Earlier this year I found out my husband cheated on me and gave me chlamydia shortly after giving birth to our first child. I never suspected anything, not even that I had an infection. The whole thing felt like my world had shattered. I only found out by going to the doctor thinking my body was still wacky due to post-partum healing. I had a routine appointment with a standard lab order. Week and a half later I get a call from the doctor's office. Literally having a hallmark family moment, laughing and feeding the baby with my husband, when they informed me over the phone that I was positive for Chlamydia. Everything was blurry, my heart was racing, and I could feel my stomach in my throat. I will never forget that day; the week before my first ever Mother's Day at that.
It's been 5 months since that day and it's been an emotional roller coaster. Due to complicated circumstances we are unfortunately cohabiting while separated. He sleeps in the guest room and keeps to his separate living area while we continue to parent as normal as possible. Opposing work schedules makes things better, so the weekends are the most uncomfortable for the most part. Due to the cohabiting we sometimes fall back into old routine, like grocery shopping, cooking large portions, but nothing romantic. This also results in many arguments.

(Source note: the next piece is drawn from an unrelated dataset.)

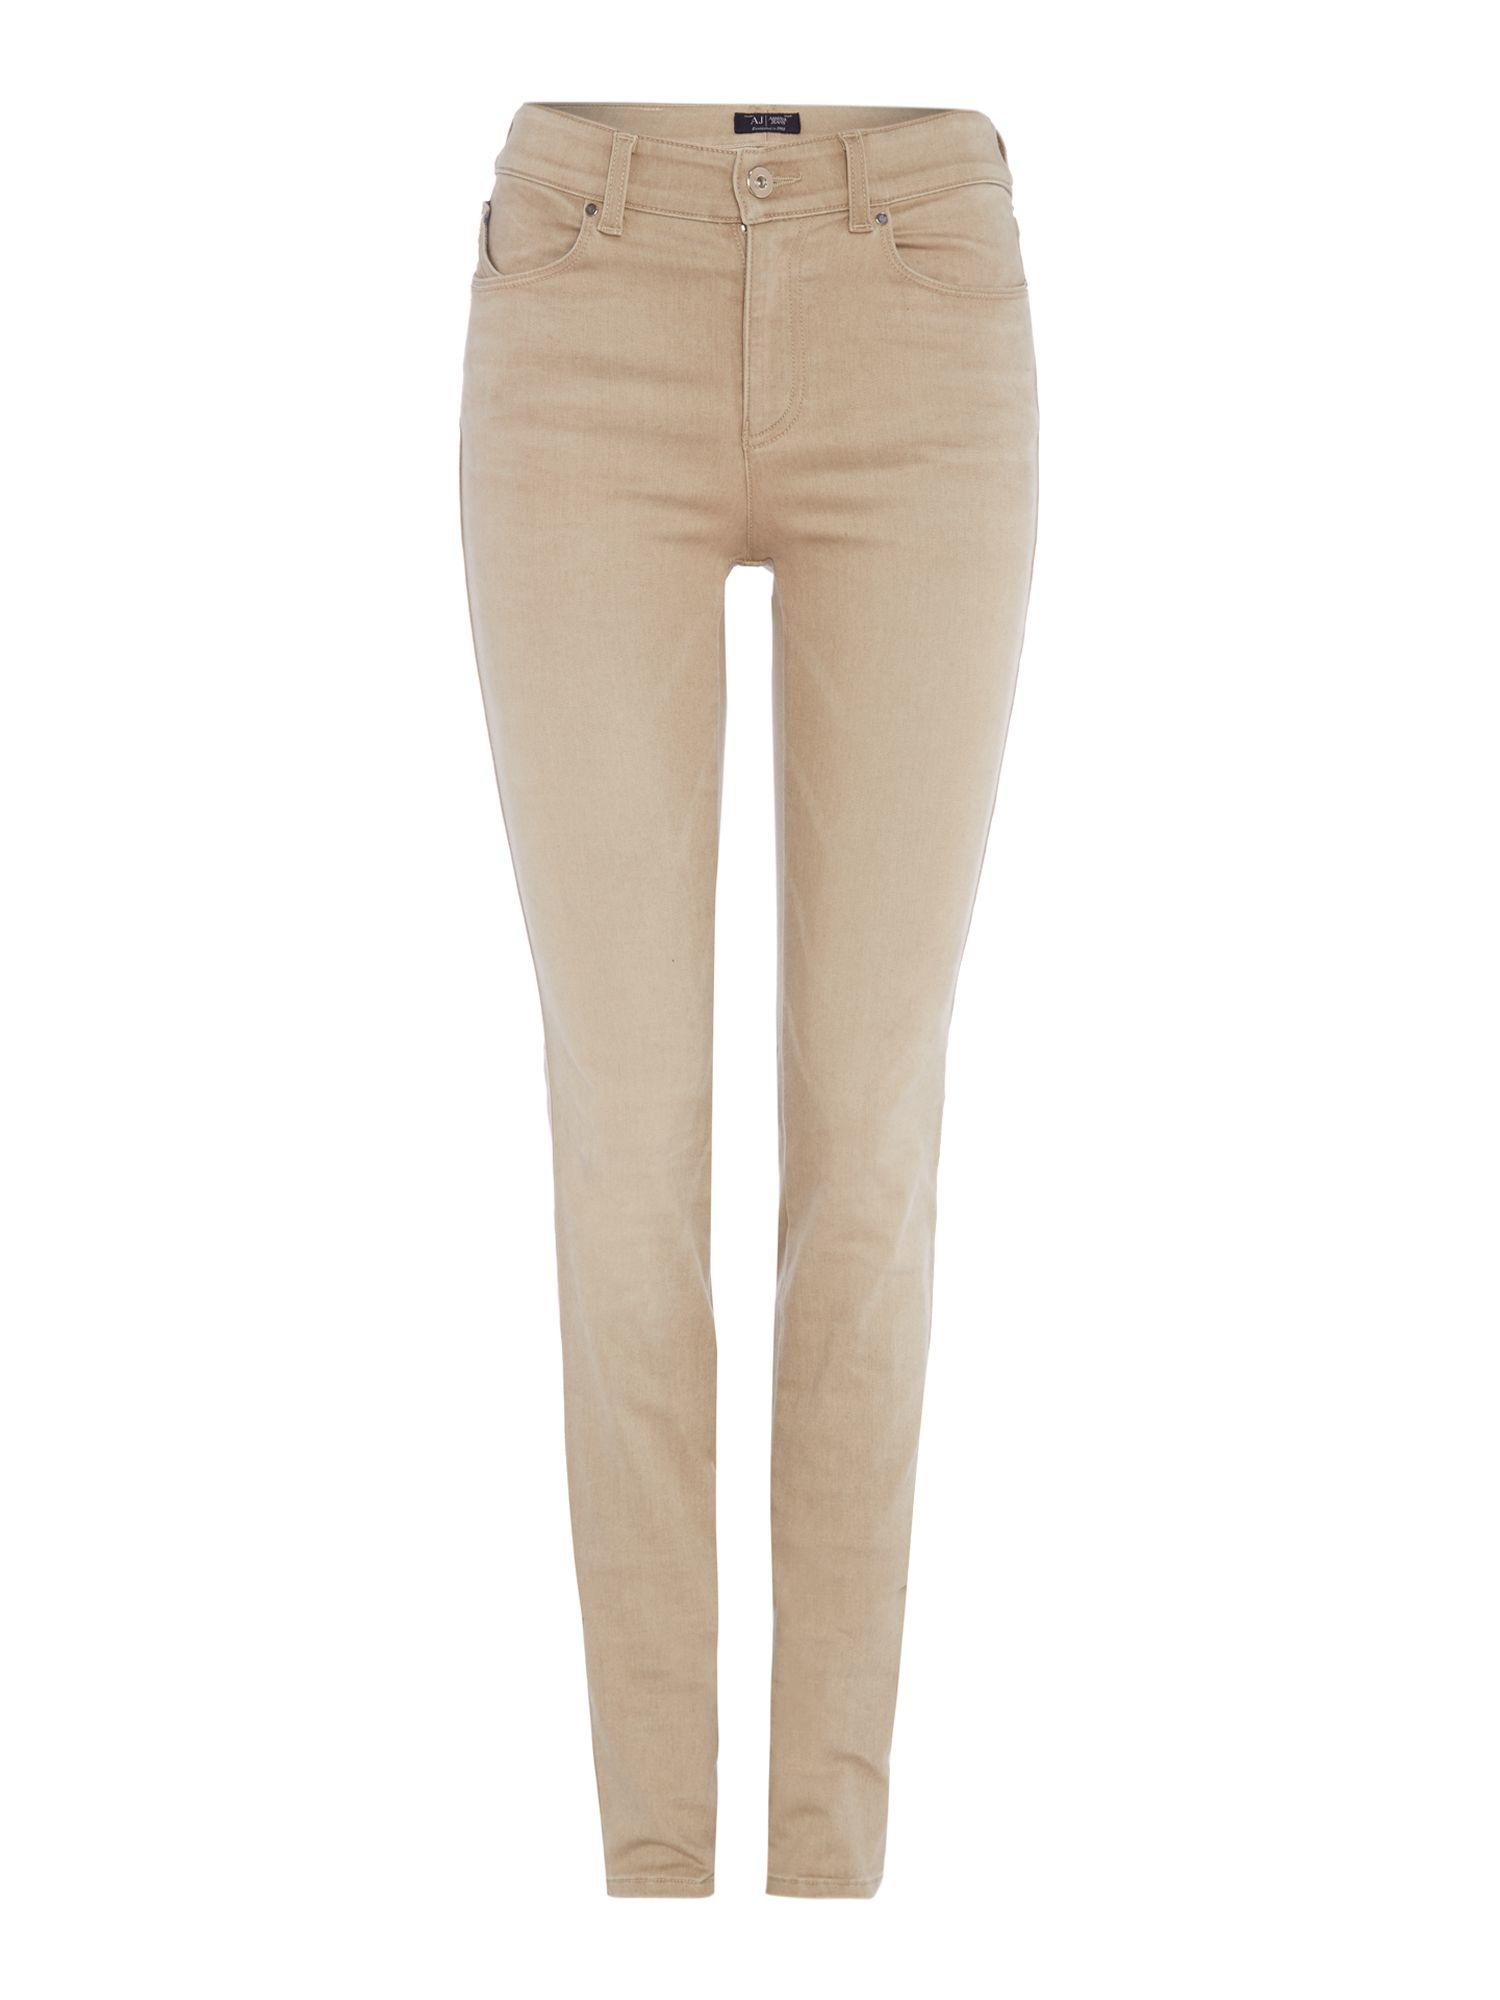 Armani Jeans Messenger Bag House Of Fraser Frenchafricana. House Of Fraser  Deals S For February 2019 Hotukdeals 4719505892159

He repeats that he wants to try to redeem the marriage, but I have made up my mind about filing for divorce and have told him so over and over. For months he has made it difficult to schedule notary appointments needed so I can actually begin the filing process. I had been extremely stressed with college courses and changes at work so he took advantage of my exhaustion.
I have my mother for long distance emotional support, but that's been about it. His family has "been there for him" through all of this which makes me feel even more isoloated because they seem to be more about supporting him no matter what because he is family, yet not totally holding him accountable for ruining our family.
How do I keep my sanity through this? Has anyone been through a similar situation? Advice for the impending divorce? I don't really know what to ask specifically. I just feel lost and hurt. I just found this site and I'm hoping the community here can help me navigate this sea of emotions.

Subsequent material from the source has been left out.